WORK REQUIRED: Although the records contain pictures, none belong in the copy: restate word for word only the lines from the one with "Lionel Messi led" through the one with "Thiết kế phòng tắm đơn giản và sang trọng là", both included.

DATA SUPPLIED:

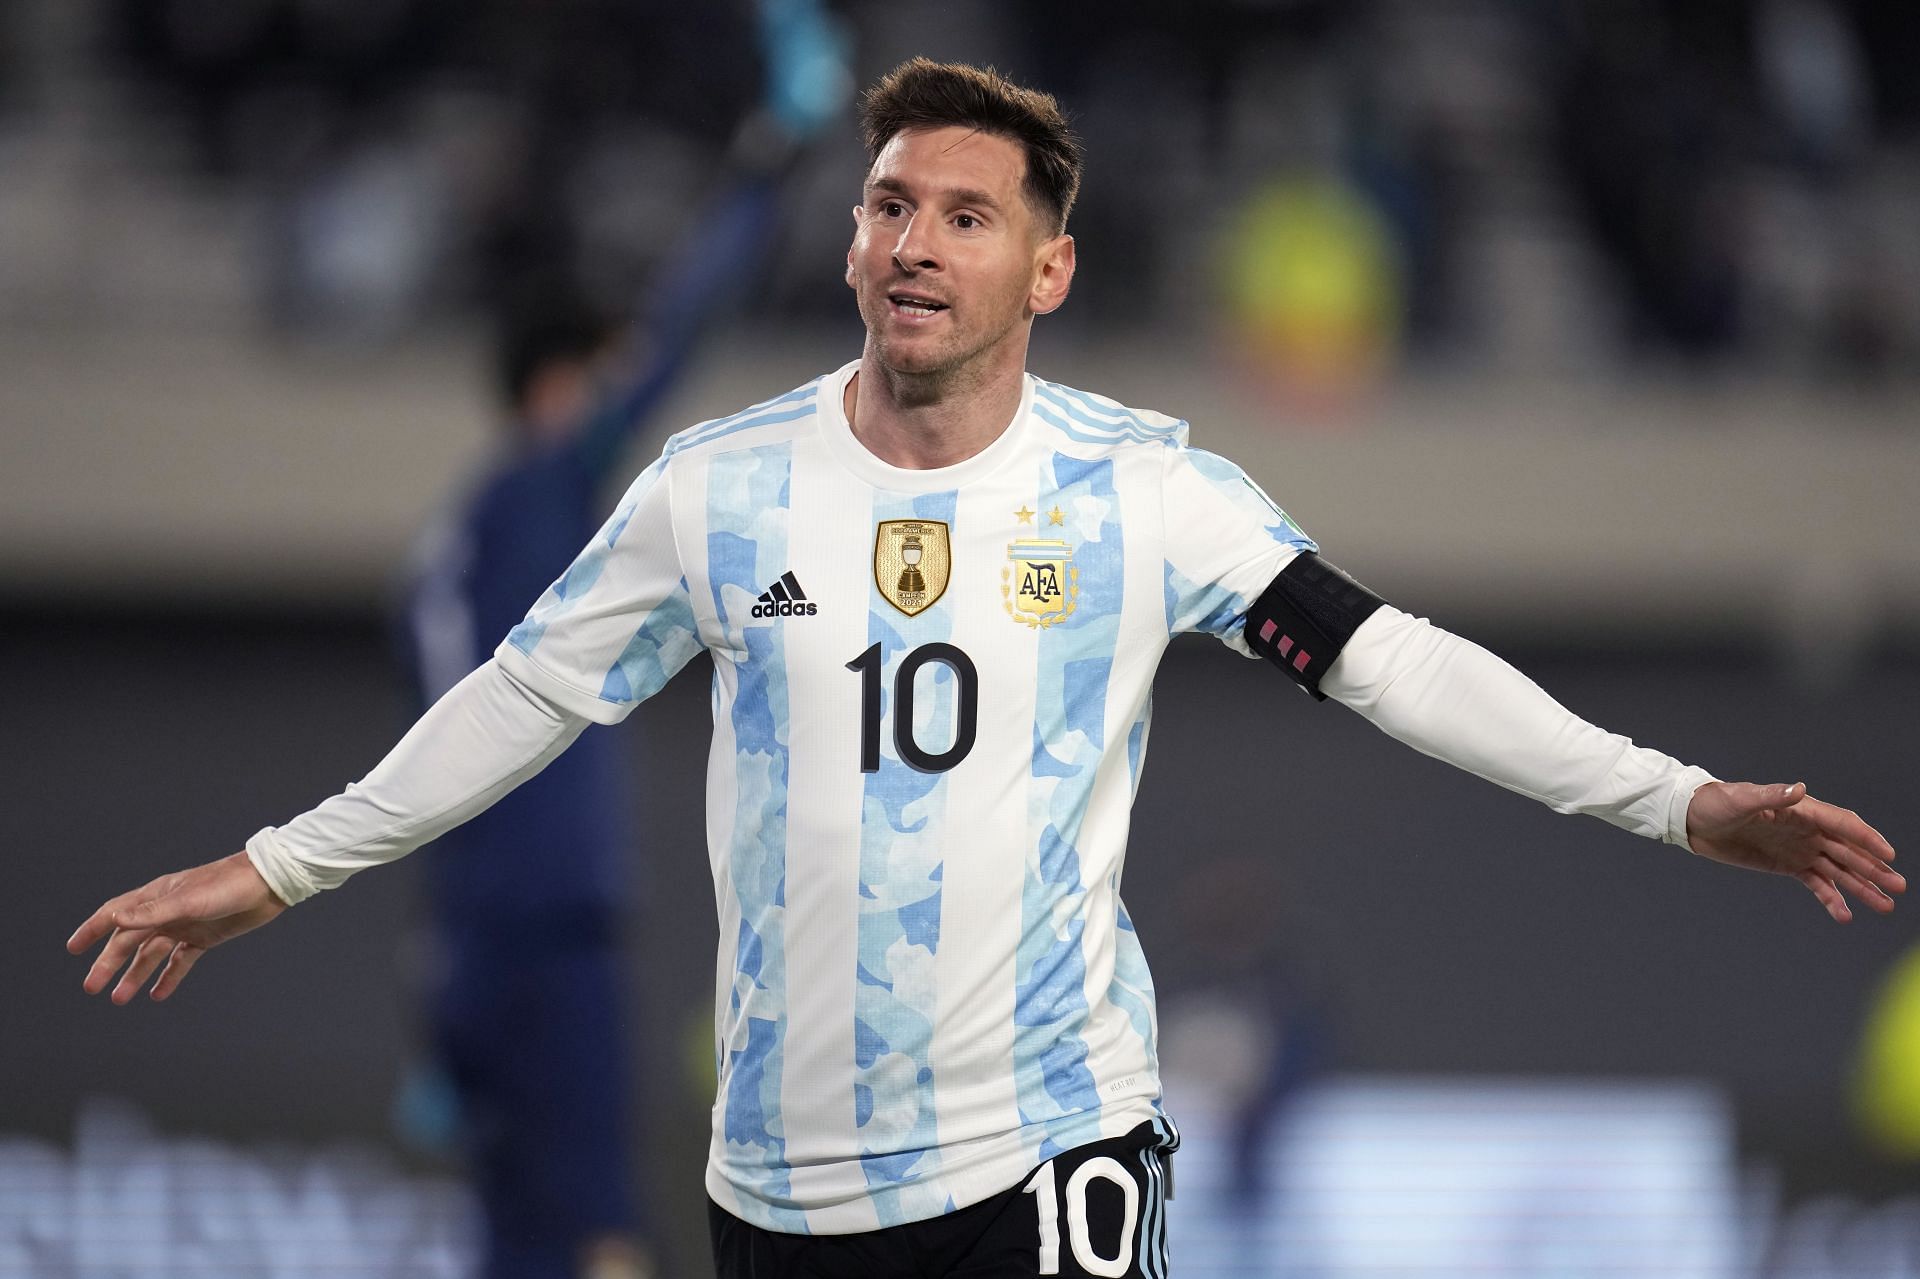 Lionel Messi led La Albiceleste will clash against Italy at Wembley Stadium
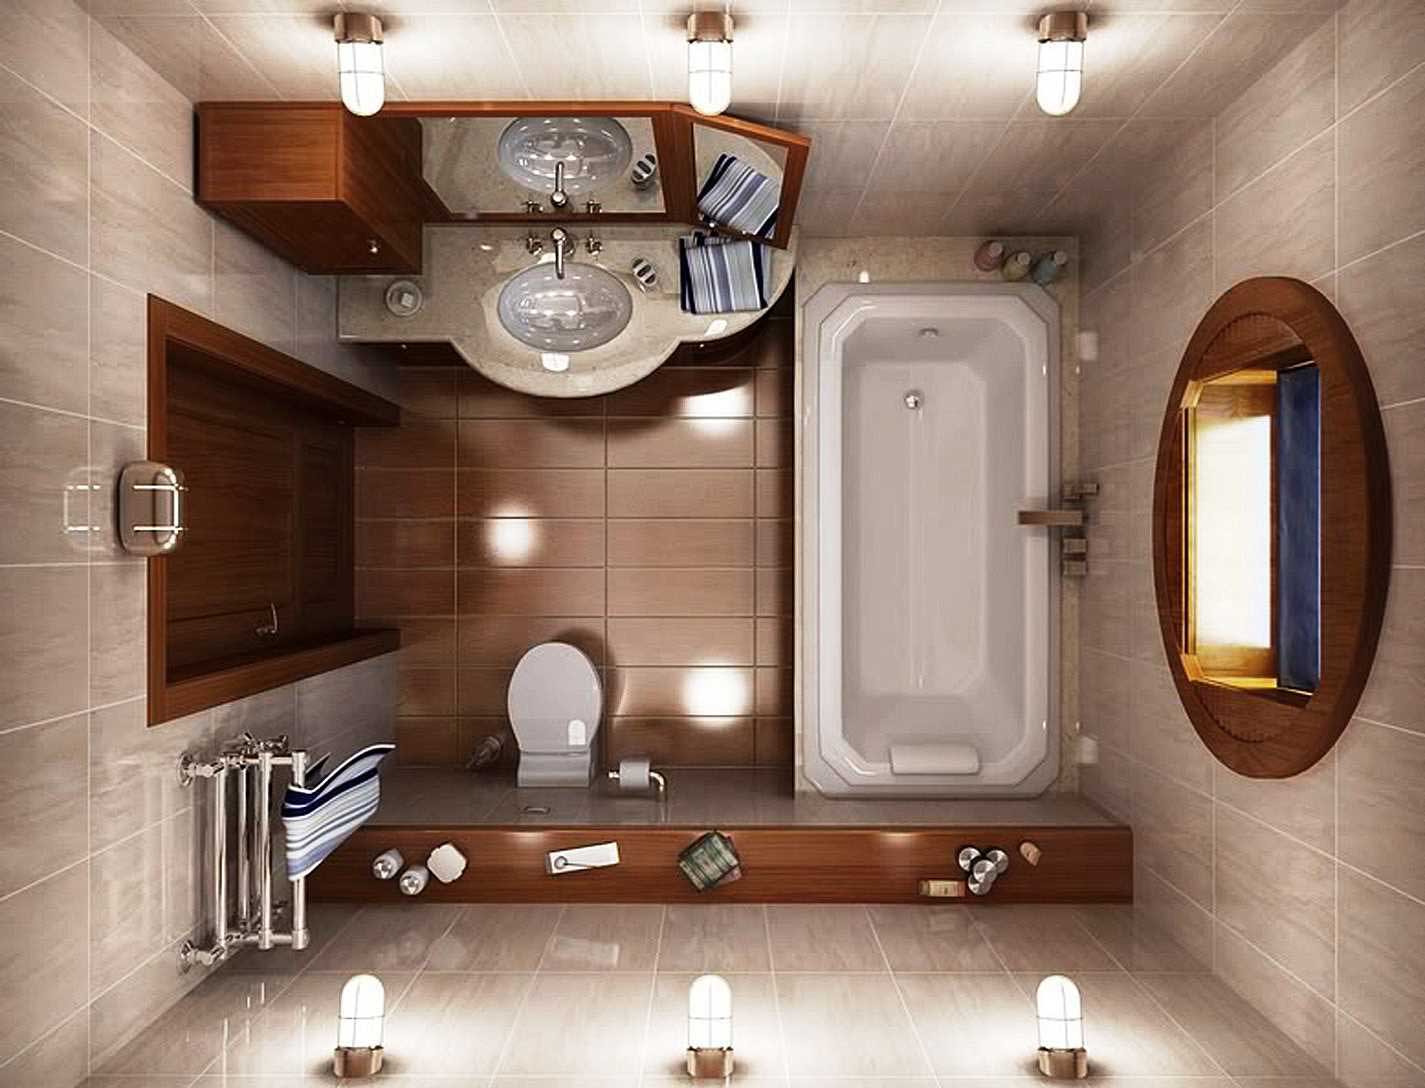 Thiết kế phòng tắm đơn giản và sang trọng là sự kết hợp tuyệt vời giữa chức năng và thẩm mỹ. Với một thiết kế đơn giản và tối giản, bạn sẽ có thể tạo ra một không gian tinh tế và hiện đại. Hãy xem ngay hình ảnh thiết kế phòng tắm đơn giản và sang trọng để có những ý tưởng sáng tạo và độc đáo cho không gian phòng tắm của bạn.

==

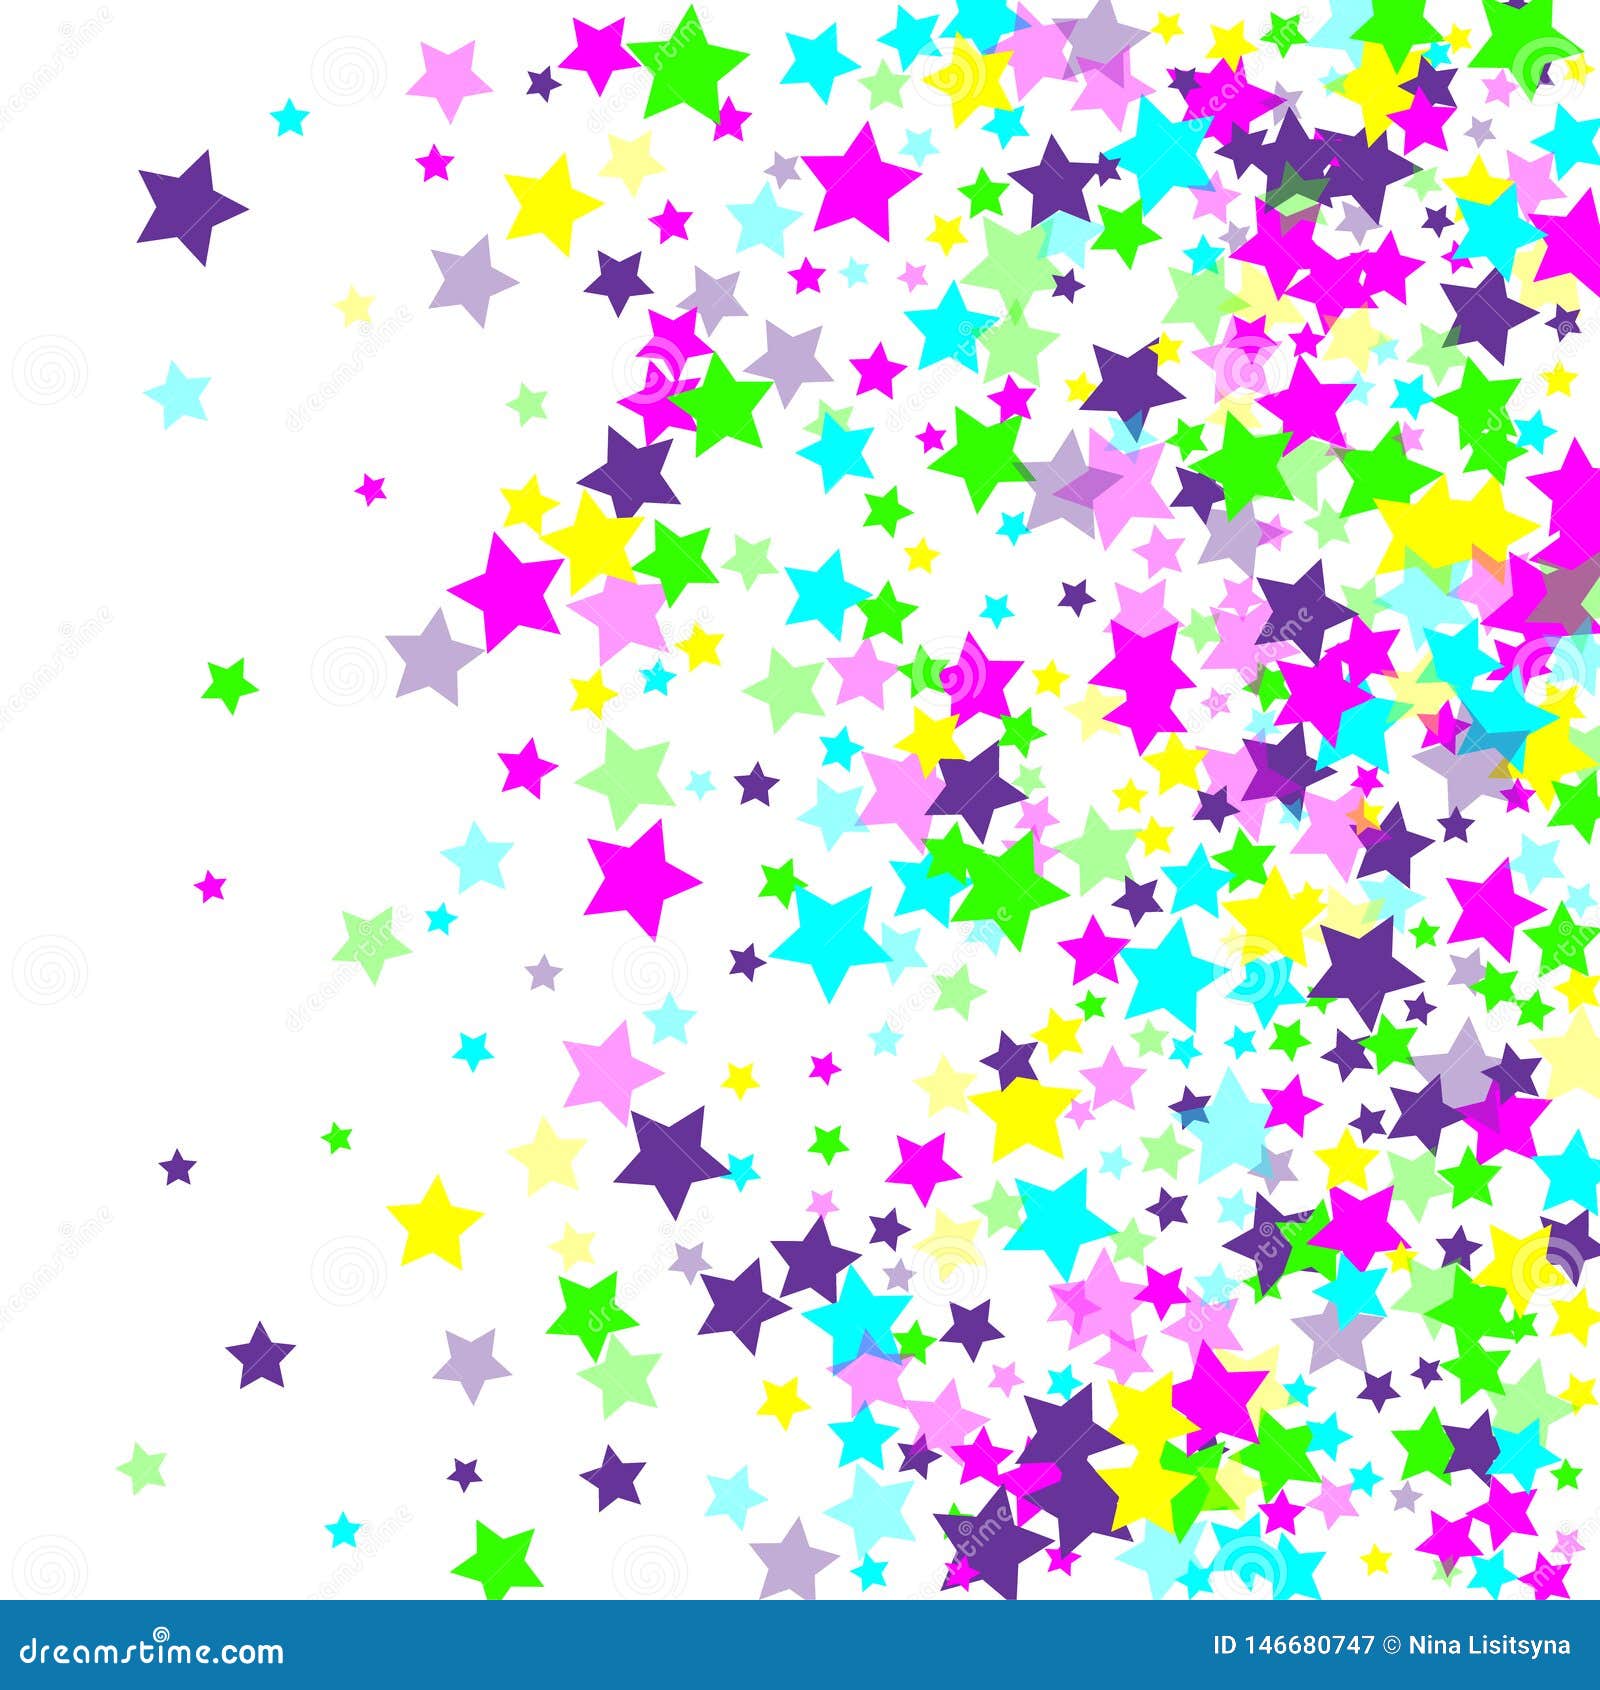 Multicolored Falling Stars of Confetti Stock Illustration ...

SOLUTION:
 Lionel Messi led La Albiceleste will clash against Italy at Wembley Stadium
 Thiết kế phòng tắm đơn giản và sang trọng là sự kết hợp tuyệt vời giữa chức năng và thẩm mỹ. Với một thiết kế đơn giản và tối giản, bạn sẽ có thể tạo ra một không gian tinh tế và hiện đại. Hãy xem ngay hình ảnh thiết kế phòng tắm đơn giản và sang trọng để có những ý tưởng sáng tạo và độc đáo cho không gian phòng tắm của bạn.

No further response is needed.